Work to be completed: Take from the records below each line that holds "Short".

(Recorded data)
------
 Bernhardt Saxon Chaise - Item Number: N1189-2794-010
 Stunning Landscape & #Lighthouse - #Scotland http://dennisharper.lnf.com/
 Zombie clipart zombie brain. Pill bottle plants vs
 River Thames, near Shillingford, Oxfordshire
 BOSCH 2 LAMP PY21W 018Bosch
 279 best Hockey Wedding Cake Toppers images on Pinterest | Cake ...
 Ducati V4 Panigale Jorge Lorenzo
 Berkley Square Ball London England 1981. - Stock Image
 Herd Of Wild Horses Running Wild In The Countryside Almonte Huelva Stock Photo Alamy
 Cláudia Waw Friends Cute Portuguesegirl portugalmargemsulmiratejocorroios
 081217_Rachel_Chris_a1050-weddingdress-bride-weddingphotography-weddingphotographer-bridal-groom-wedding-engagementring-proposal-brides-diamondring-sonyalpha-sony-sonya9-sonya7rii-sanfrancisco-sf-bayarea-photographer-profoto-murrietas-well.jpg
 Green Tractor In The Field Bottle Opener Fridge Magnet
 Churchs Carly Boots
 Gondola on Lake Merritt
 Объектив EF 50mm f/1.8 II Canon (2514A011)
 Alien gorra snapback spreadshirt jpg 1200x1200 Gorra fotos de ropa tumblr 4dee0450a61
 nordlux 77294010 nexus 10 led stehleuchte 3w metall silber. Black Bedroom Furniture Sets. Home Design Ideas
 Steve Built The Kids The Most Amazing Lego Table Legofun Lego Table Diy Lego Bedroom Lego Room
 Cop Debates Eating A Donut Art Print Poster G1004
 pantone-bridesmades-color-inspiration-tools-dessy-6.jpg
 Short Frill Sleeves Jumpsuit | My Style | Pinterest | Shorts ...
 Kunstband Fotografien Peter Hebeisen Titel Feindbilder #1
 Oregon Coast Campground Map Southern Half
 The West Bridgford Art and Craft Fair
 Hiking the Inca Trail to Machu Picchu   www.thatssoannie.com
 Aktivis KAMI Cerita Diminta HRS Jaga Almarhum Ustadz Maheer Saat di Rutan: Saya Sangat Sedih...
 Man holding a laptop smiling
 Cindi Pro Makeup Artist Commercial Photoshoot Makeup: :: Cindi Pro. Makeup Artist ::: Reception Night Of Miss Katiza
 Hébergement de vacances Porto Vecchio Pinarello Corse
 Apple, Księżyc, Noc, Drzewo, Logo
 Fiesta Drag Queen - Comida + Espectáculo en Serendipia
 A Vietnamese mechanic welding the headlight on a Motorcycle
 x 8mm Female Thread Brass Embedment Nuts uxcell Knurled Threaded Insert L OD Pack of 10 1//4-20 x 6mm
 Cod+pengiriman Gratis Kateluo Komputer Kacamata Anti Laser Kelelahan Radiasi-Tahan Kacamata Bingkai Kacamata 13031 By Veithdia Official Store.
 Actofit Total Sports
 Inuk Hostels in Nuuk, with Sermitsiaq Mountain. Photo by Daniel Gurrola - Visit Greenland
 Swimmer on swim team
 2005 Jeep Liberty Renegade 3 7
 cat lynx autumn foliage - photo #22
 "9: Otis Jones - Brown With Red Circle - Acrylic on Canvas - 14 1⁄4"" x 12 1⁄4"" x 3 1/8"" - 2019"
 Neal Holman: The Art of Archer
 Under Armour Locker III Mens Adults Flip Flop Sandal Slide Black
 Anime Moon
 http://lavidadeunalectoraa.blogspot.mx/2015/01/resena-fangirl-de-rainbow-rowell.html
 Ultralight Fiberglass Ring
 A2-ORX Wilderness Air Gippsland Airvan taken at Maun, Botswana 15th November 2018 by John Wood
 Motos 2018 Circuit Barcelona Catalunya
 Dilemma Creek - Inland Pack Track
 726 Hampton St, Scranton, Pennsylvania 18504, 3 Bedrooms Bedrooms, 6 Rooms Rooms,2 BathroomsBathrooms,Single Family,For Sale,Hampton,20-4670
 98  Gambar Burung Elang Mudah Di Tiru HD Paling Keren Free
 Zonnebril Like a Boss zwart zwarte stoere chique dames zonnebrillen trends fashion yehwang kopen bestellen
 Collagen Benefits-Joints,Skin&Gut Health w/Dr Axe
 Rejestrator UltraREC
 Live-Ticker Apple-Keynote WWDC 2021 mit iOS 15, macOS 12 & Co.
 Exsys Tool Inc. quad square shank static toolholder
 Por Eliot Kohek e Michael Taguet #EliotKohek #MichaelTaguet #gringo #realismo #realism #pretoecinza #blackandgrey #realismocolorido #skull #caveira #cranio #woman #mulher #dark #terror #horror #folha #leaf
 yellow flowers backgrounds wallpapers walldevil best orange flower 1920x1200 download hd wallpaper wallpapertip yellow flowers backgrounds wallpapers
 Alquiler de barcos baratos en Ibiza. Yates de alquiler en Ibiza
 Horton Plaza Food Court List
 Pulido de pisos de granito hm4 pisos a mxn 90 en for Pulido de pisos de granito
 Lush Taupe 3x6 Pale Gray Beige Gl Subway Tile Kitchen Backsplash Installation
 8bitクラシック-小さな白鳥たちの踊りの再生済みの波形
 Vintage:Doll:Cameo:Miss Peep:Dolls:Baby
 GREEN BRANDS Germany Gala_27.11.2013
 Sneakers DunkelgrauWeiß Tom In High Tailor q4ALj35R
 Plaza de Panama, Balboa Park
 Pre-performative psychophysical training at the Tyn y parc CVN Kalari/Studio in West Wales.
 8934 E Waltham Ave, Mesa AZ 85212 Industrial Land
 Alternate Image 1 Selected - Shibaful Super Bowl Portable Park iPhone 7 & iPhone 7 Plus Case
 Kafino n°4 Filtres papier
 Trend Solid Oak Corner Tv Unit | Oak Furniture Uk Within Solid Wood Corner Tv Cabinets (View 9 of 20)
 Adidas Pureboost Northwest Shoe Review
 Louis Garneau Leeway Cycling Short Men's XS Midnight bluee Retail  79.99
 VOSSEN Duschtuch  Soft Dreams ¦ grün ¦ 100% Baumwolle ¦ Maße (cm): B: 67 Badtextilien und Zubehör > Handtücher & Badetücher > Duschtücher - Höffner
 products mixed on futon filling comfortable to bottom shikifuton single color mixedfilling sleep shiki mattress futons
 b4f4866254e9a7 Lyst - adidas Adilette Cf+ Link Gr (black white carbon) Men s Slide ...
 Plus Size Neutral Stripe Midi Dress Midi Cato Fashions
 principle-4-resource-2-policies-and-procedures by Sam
------
Response to the exercise:
 Short Frill Sleeves Jumpsuit | My Style | Pinterest | Shorts ...
 Louis Garneau Leeway Cycling Short Men's XS Midnight bluee Retail  79.99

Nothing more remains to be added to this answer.